Düsseldorf, 07.12.2007

Die LandesschülerInnenvertretung (LSV) NRW kritisierte die spontanen Forderungen der FDP-Spitze nach einem zweigliedrigen Schulsystem. "So entsteht das Gymnasium und eine ´Restschule´", kommentierte Horst Wenzel (19) aus dem Landesvorstand der LSV NRW den Vorschlag. "Es gibt dann noch weniger Durchlässigkeit zwischen den Schulformen", erklärte der Landesschülervertreter in einer Stellungnahme.
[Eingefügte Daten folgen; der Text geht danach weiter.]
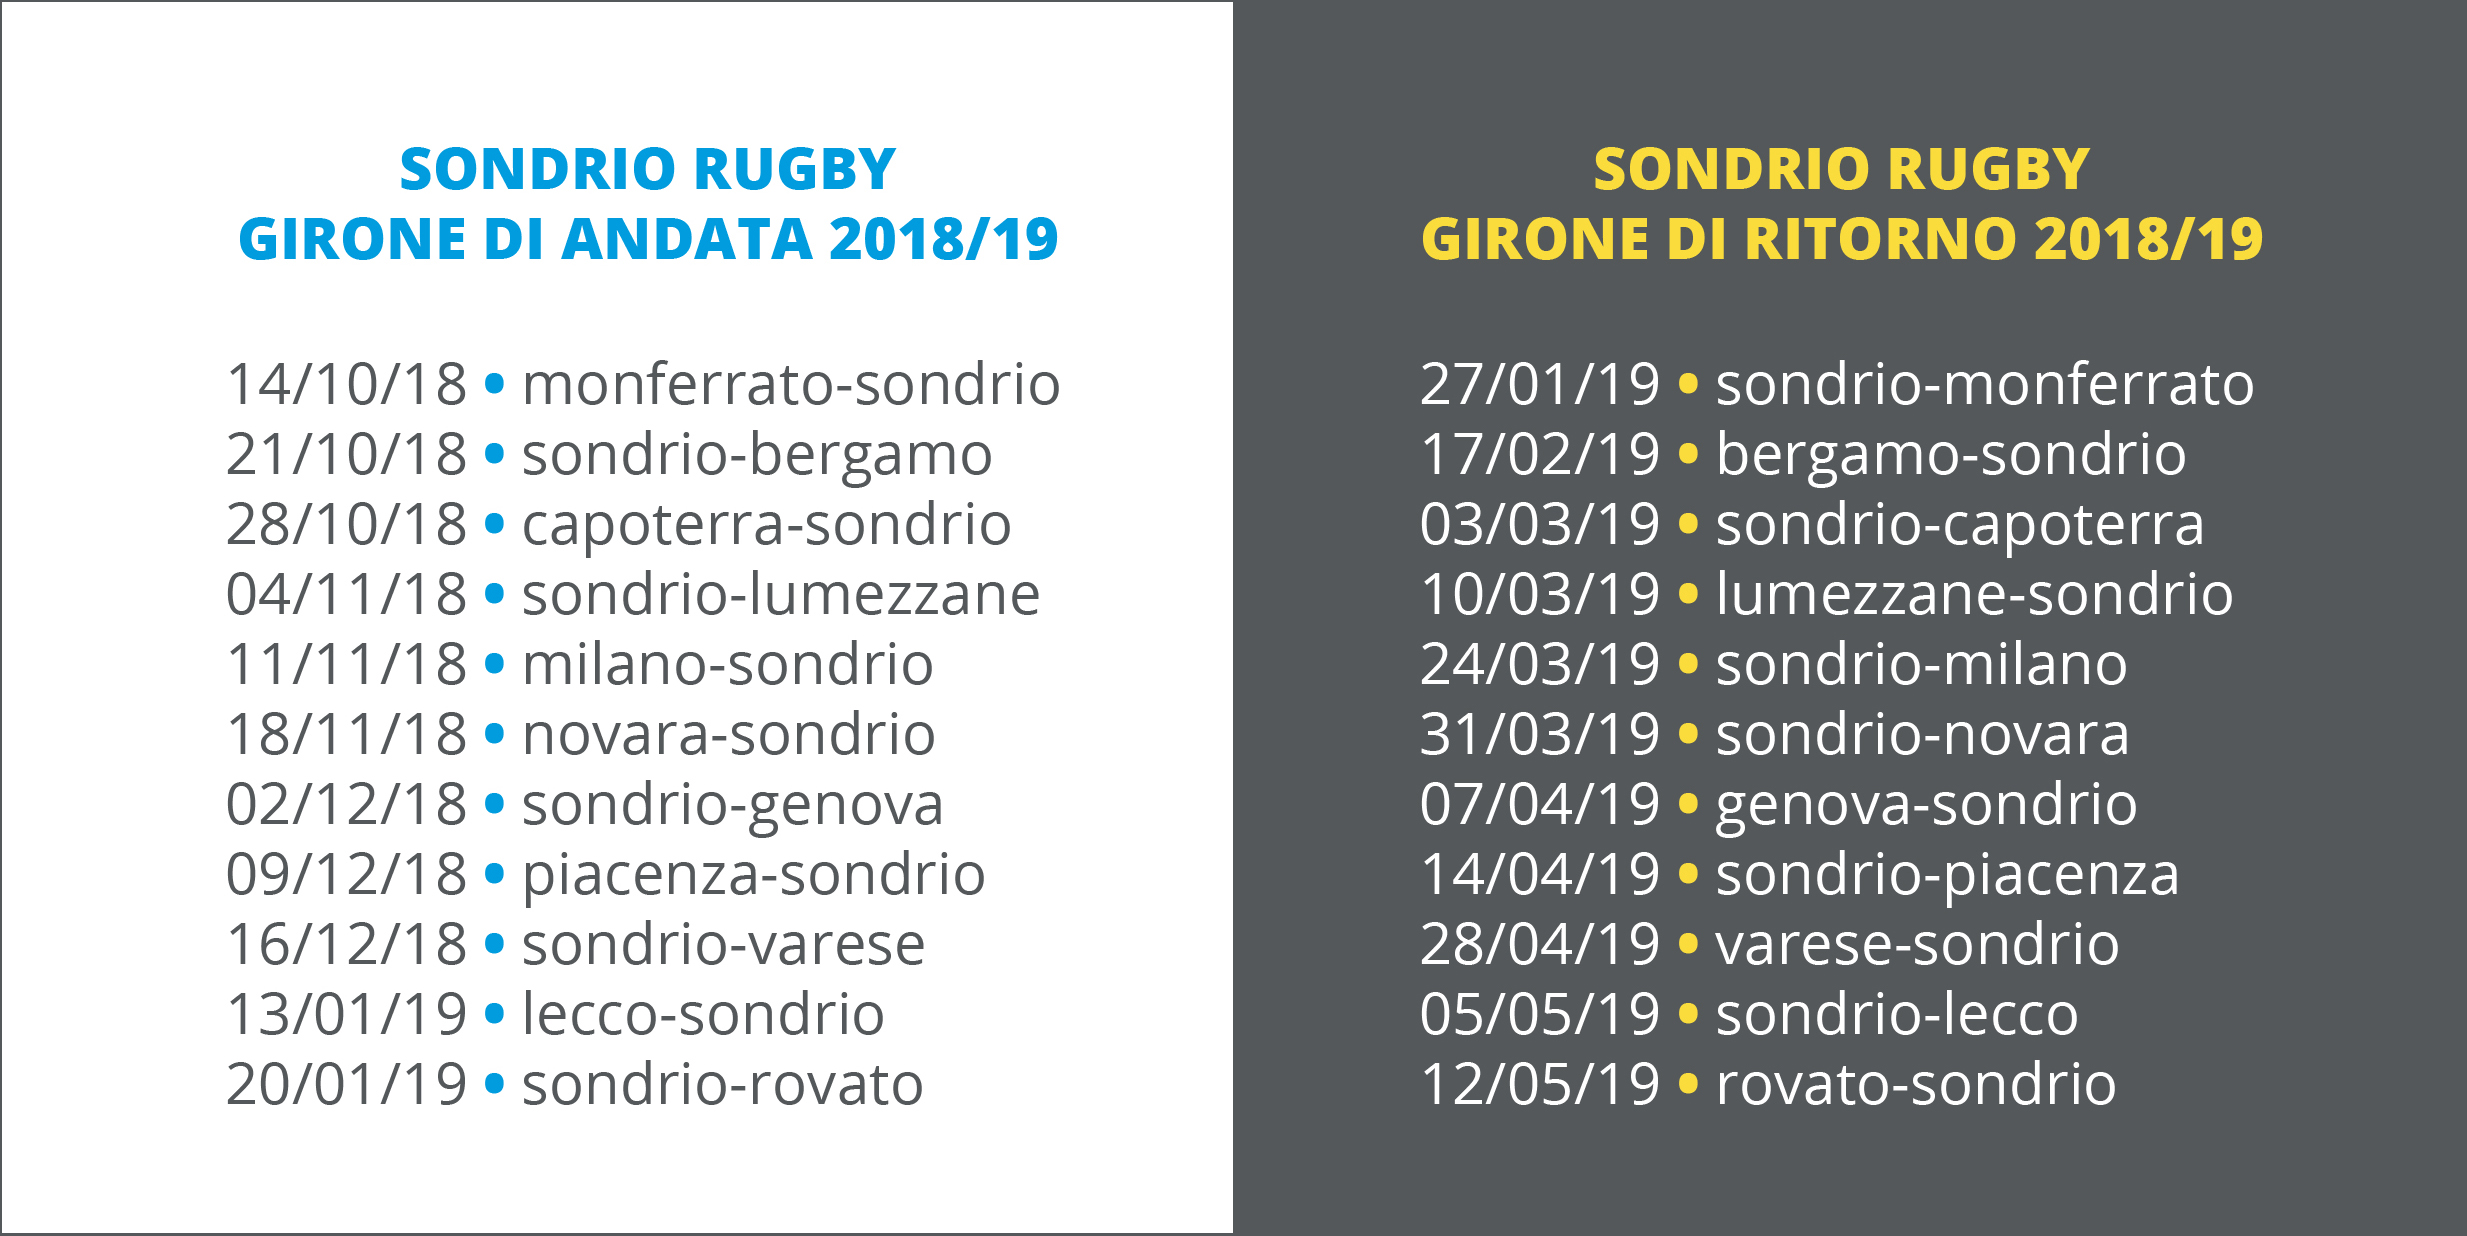 Incontri 2018/19 del Sondrio Rugby

Die Schülervertretungen fordern stattdessen die Einführung von Integrativen Ganztagsschulen als Regelfall. "Die eine Schule für Alle ist die einzige, die echte Chancengleichheit bietet", so Wenzel. Das Lernen in heterogenen Gruppen sei nahezu überall im Ausland üblich und funktioniere dort besser als der veraltete selektierende Begabungsbegriff, der in Deutschland vorherrsche. Die Schülerinnen und Schüler hoffen nun, dass sich die CDU/FDP-Koalition endlich gemeinsam diesem Thema der sozialen Ungleichheit im Schulsystem stellt, denn die Zustände würden immer schlimmer.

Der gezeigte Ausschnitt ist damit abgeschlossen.